Institute for Behavioral Genetics, University of Colorado Boulder, Boulder, CO, USA.
Department of Psychology and Neuroscience, University of Colorado Boulder, Boulder, CO, USA.
Eur J Hum Genet. 2019 Jun;27(6):963-969. doi: 10.1038/s41431-019-0349-x. Epub 2019 Feb 5.

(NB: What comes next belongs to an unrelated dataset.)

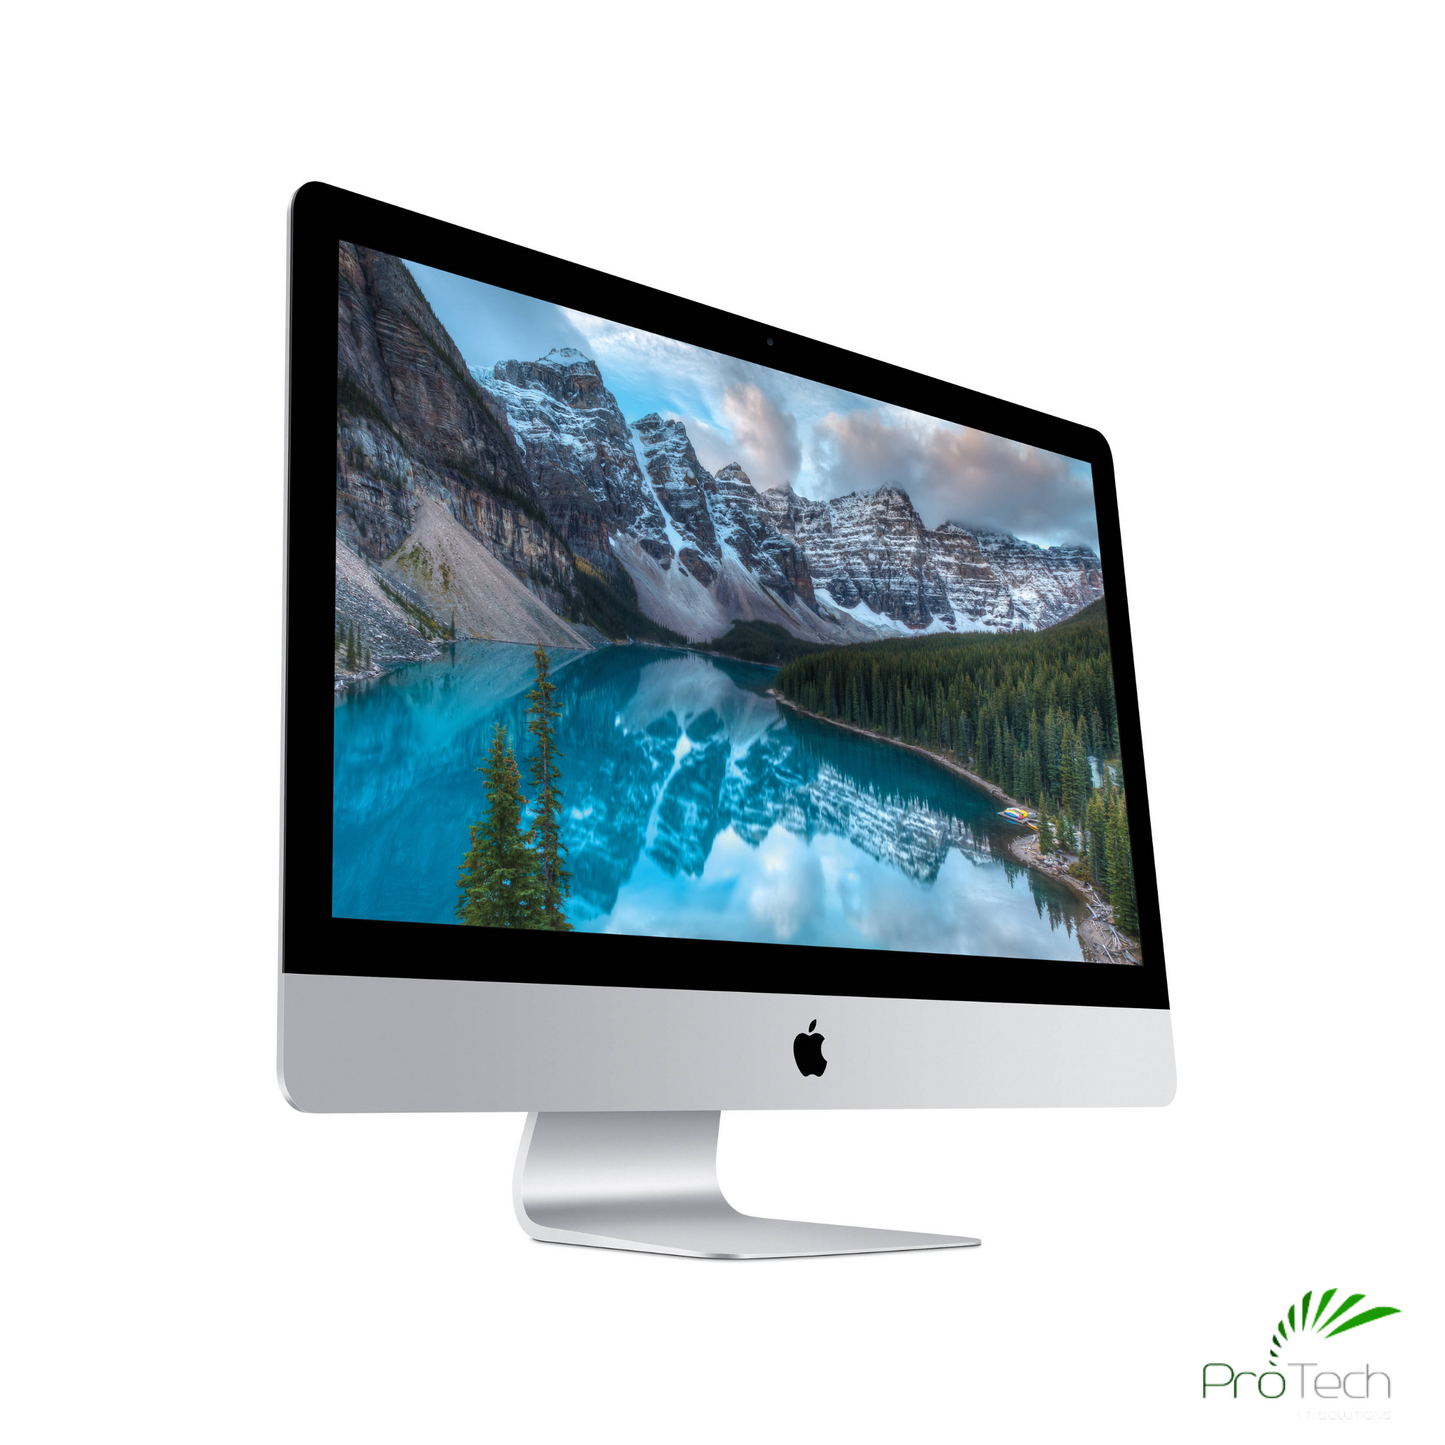 Apple iMac 27” Retina 5K (2015) | Core i5 | 16GB RAM | 1TB HDD | Radeon R9 GPU

Some of the most widely studied variants in psychiatric genetics include variable number tandem repeat variants (VNTRs) in SLC6A3, DRD4, SLC6A4, and MAOA. While initial findings suggested large effects, their importance with respect to psychiatric phenotypes is the subject of much debate with broadly conflicting results. Despite broad interest, these loci remain absent from the largest available samples, such as the UK Biobank, limiting researchers' ability to test these contentious hypotheses rigorously in large samples. Here, using two independent reference datasets, we report out-of-sample imputation accuracy estimates of >0.96 for all four VNTR variants and one modifying SNP, depending on the reference and target dataset. We describe the imputation procedures of these candidate variants in 486,551 UK Biobank individuals, and have made the imputed variant data available to UK Biobank researchers. This resource, provided to the scientific community, will allow the most rigorous tests to-date of the roles of these variants in behavioral and psychiatric phenotypes.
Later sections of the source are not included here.